WHAT IS REQUIRED: To complete this task, print all the data below exactly but leave out the images.

DATA BLOCK:
Segment Open
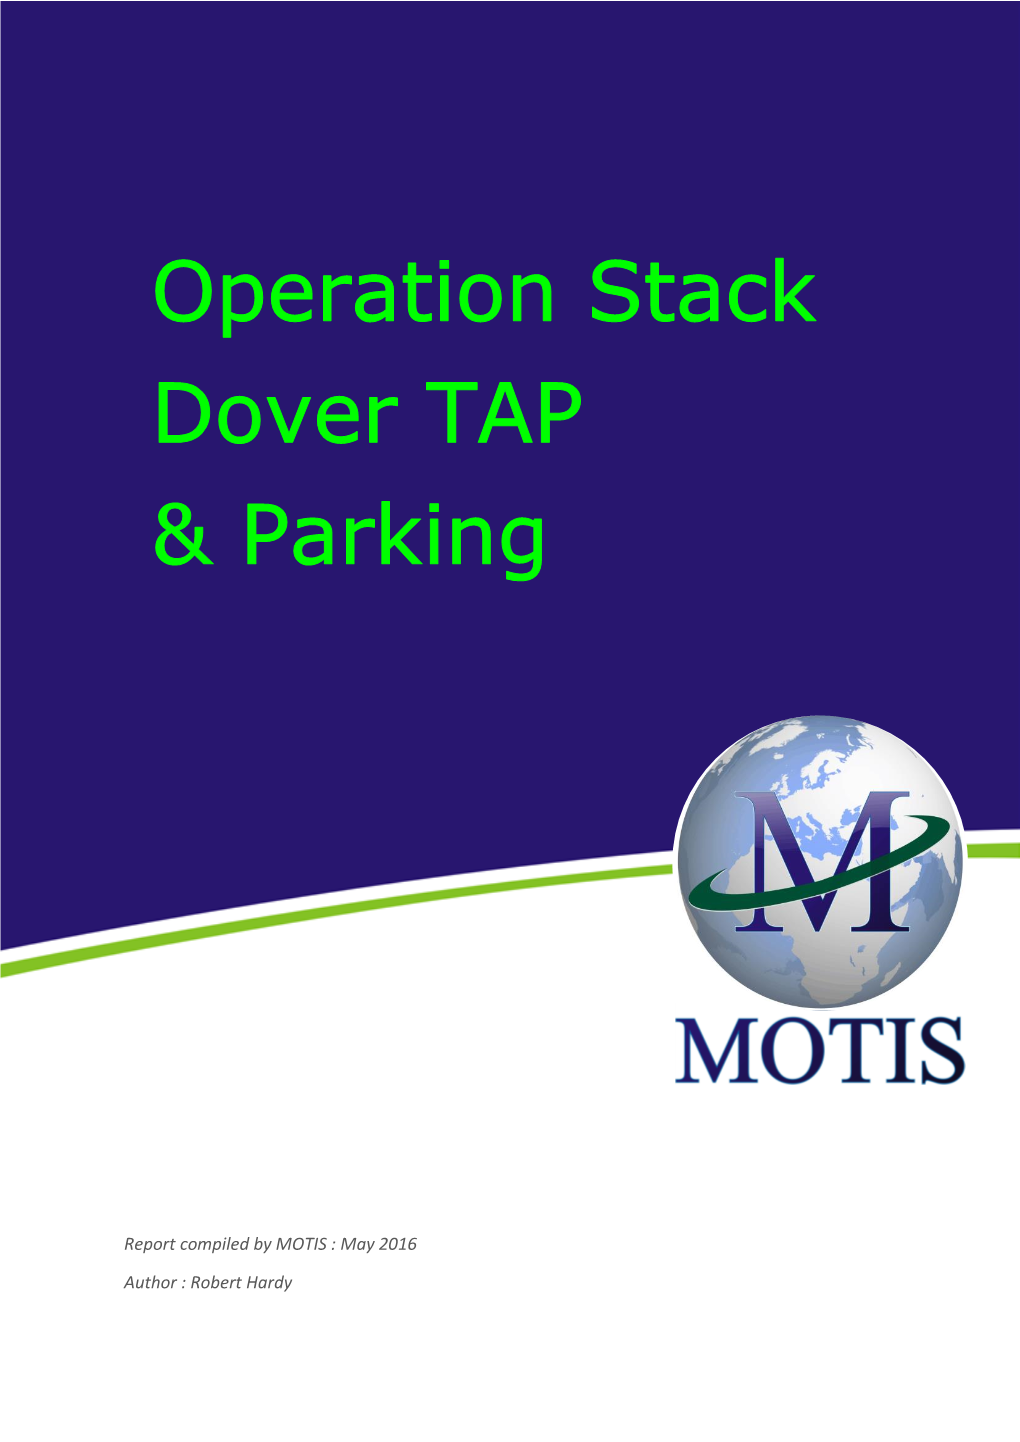 Operation Stack Dover TAP & Parking
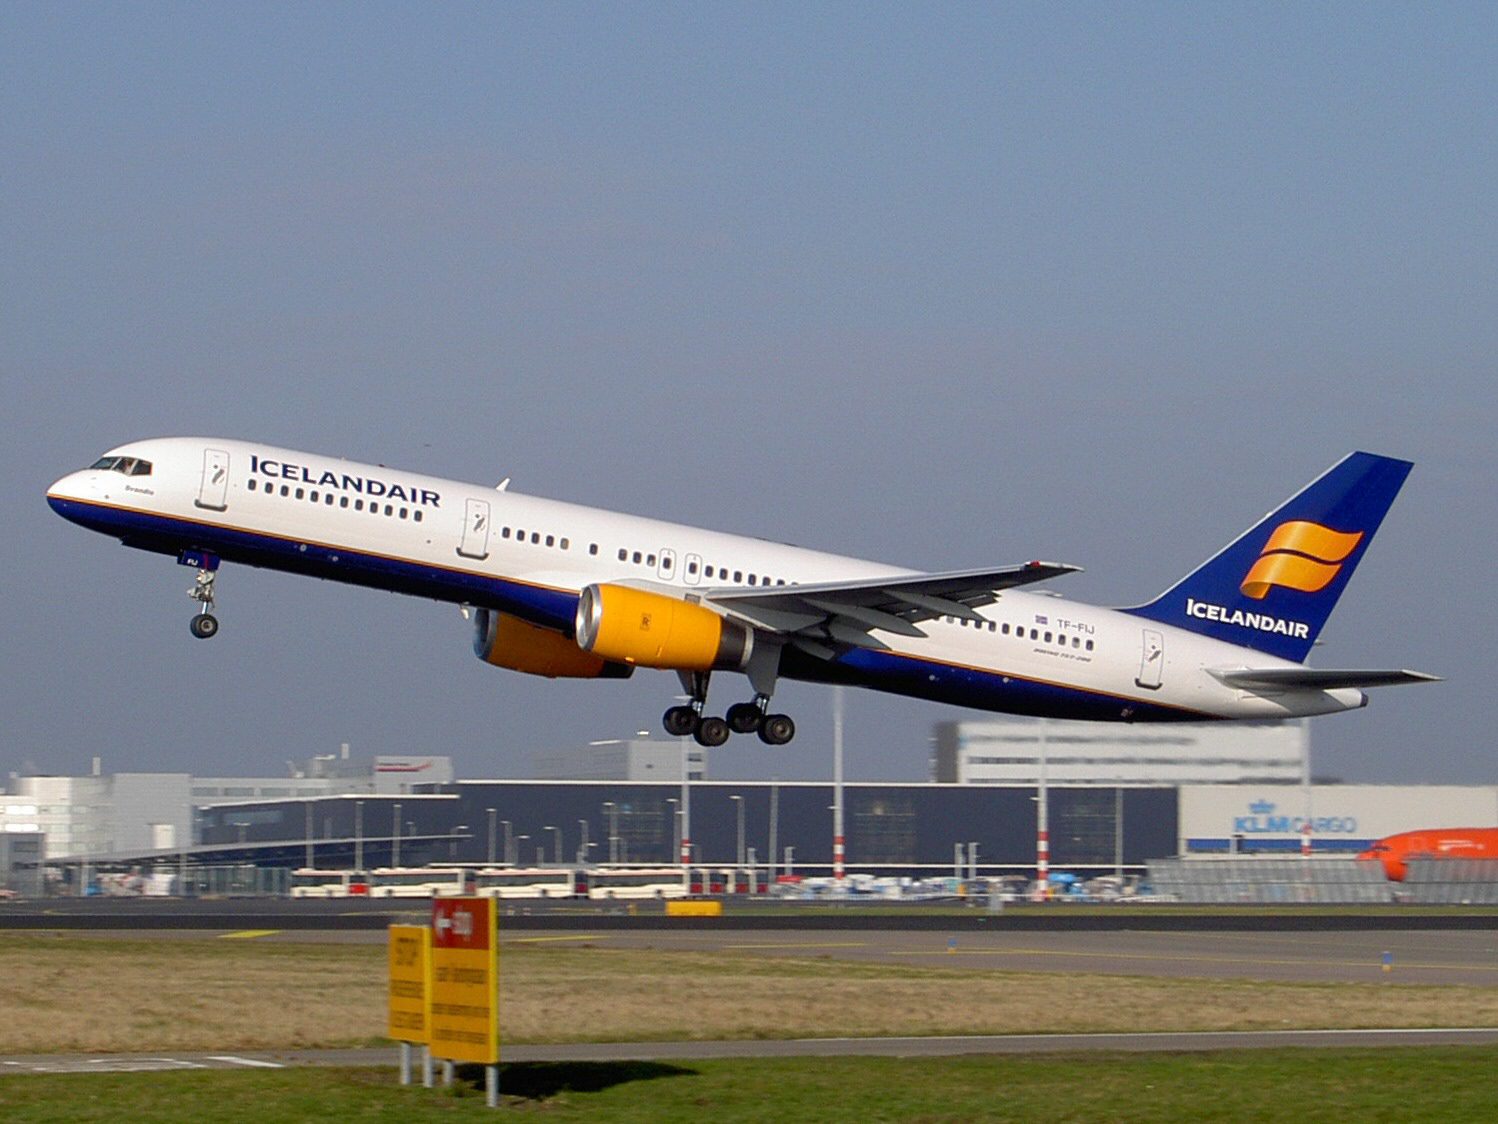 icelandair-to-fire-all-cabin-crew;-pilots-to-handle-respective-responsibilities
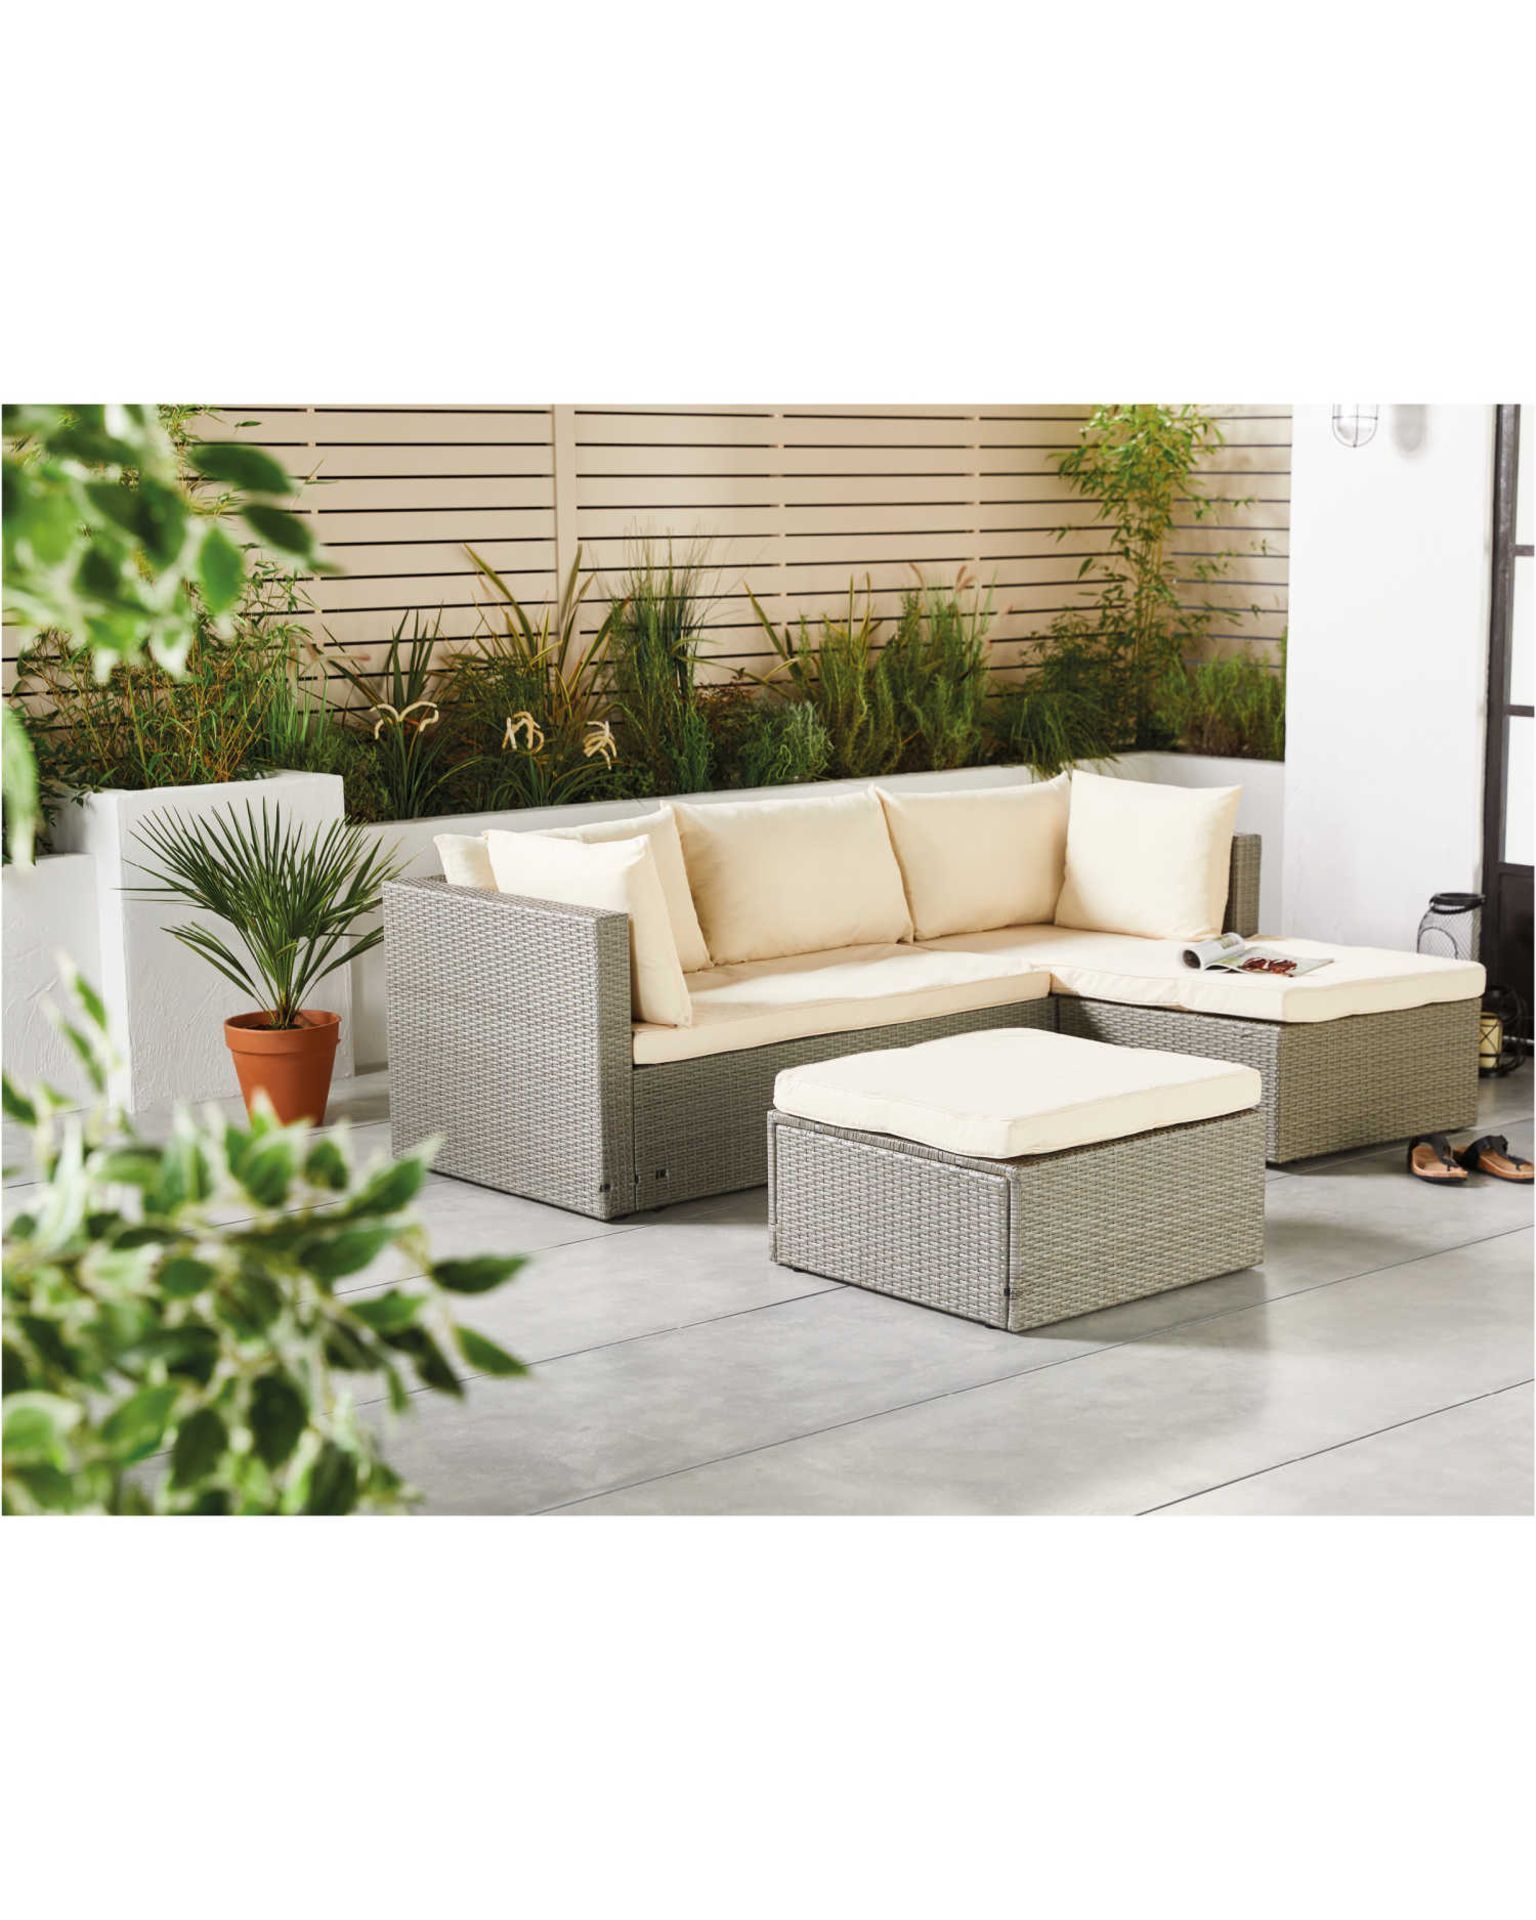 New & Boxed Luxury Grey & Cream Corner Sofa Set. Soak in the sun and feel that summer breeze while
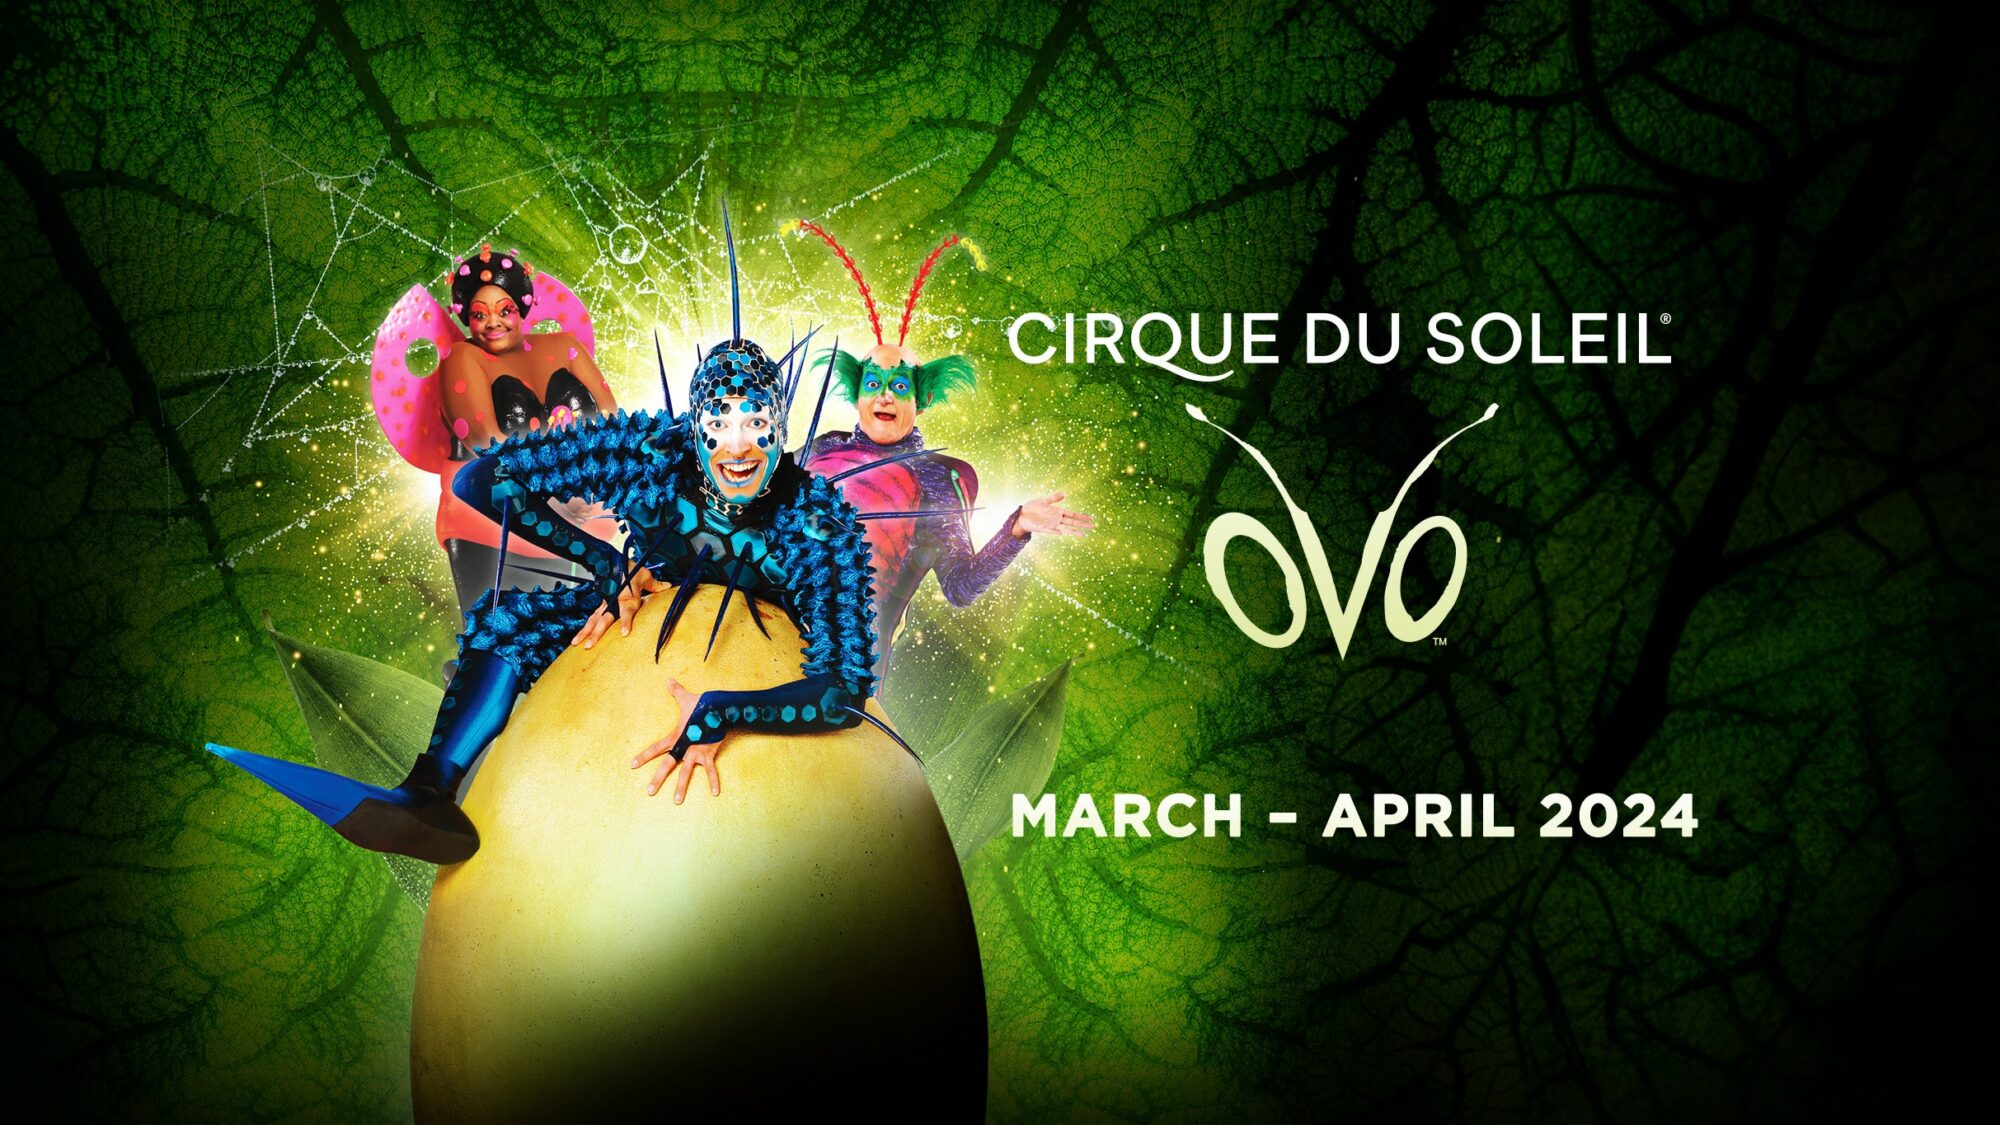 Image name Cirque Du Soleil Ovo at First Direct Arena Leeds the 30 image from the post Cirque Du Soleil : Ovo at First Direct Arena, Leeds in Yorkshire.com.
Segment Closed
OUTPUT FOR THIS EXERCISE:
 Operation Stack Dover TAP & Parking
 icelandair-to-fire-all-cabin-crew;-pilots-to-handle-respective-responsibilities
 New & Boxed Luxury Grey & Cream Corner Sofa Set. Soak in the sun and feel that summer breeze while
 Image name Cirque Du Soleil Ovo at First Direct Arena Leeds the 30 image from the post Cirque Du Soleil : Ovo at First Direct Arena, Leeds in Yorkshire.com.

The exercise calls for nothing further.